The astronauts are working to get the lab complex at the ISS ready for dockings by commercial crew capsules being built by Boeing and SpaceX.

Wilmore and Virts installed two more power and data cables, for a two-day total of 364 feet. They un-reeled the first eight cables Saturday.

That's when Wilmore snapped a selfie outside the space station. His spacewalking partner can be seen in his visor's reflection.

Next up, for Virts, was the lubrication of the latches and brackets on the end of the space station's giant robot arm. The snares have gotten a bit creaky over the past year, according to NASA.

Wilmore, the space station's commander, took a moment to savor the view. "I don't think I've seen blue that blue," he observed as the complex soared 260 miles above the Caribbean.

By the end of their third spacewalk scheduled for Sunday, the astronauts will have routed 764 feet of cable on the station's exterior. NASA considers it the most complicated cable job ever at the 16-year-old orbiting outpost.

The extensive rewiring is needed in advance of this year's arrival of a pair of docking ports, designed to accommodate commercial crew capsules still in development. NASA expects the first port to arrive in June and the second in December.

SpaceX and Boeing are designing new capsules that should start ferrying station astronauts from Cape Canaveral in 2017. Manned flights have been on hold at the cape since NASA's shuttles retired in 2011. SpaceX already is launching station cargo.

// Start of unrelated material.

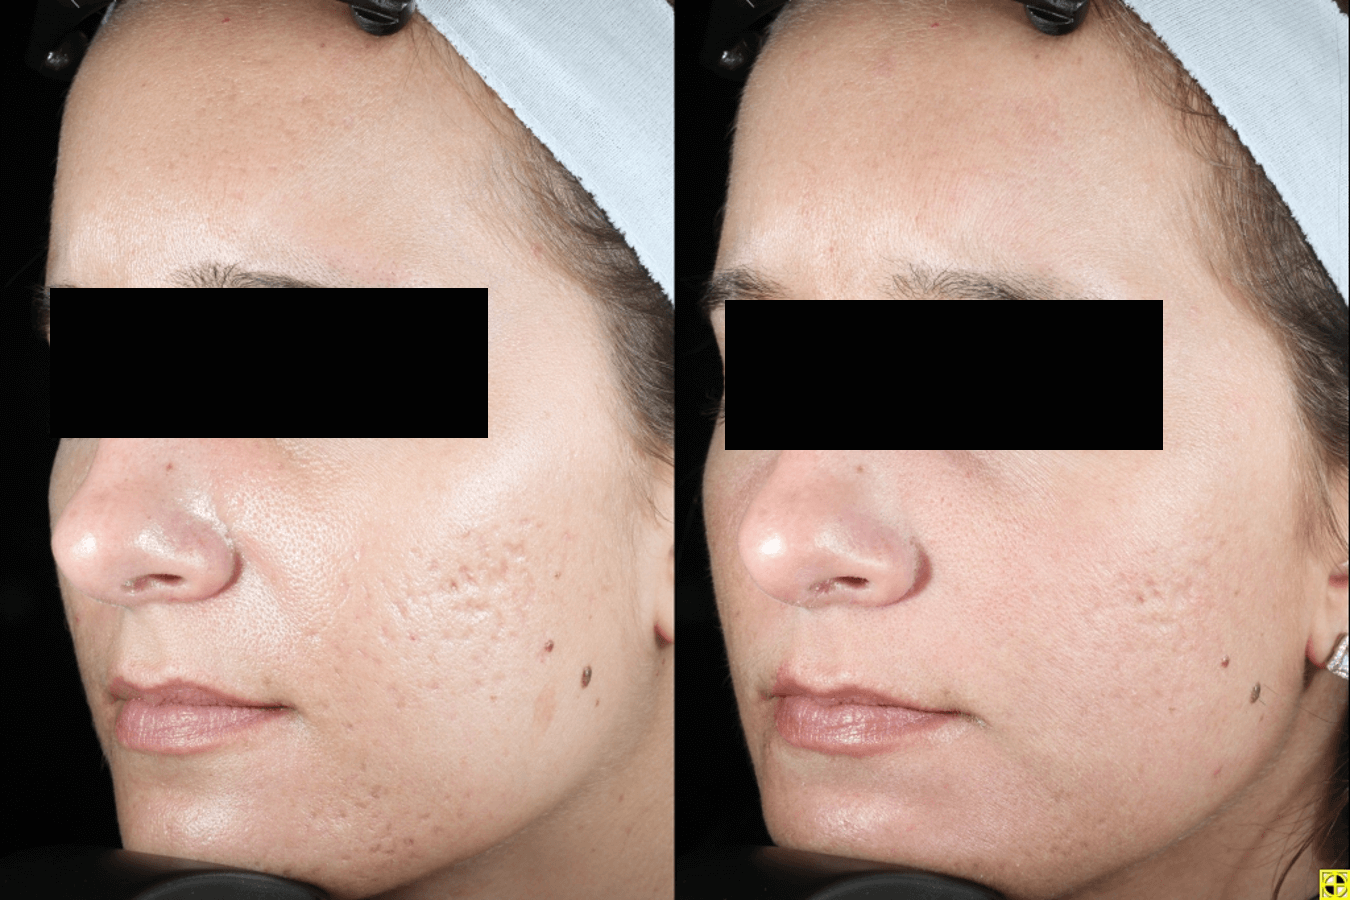 Acne Scaring Treatments Minneapolis *Results may vary per patient.

NASA has contracted out space station deliveries so it can concentrate on getting astronauts farther afield in the decades ahead, namely to Mars.

(TM and © Copyright 2015 CBS Radio Inc. and its relevant subsidiaries. CBS RADIO and EYE Logo TM and Copyright 2015 CBS Broadcasting Inc. Used under license. All Rights Reserved. This material may not be published, broadcast, rewritten, or redistributed. The Associated Press contributed to this report.)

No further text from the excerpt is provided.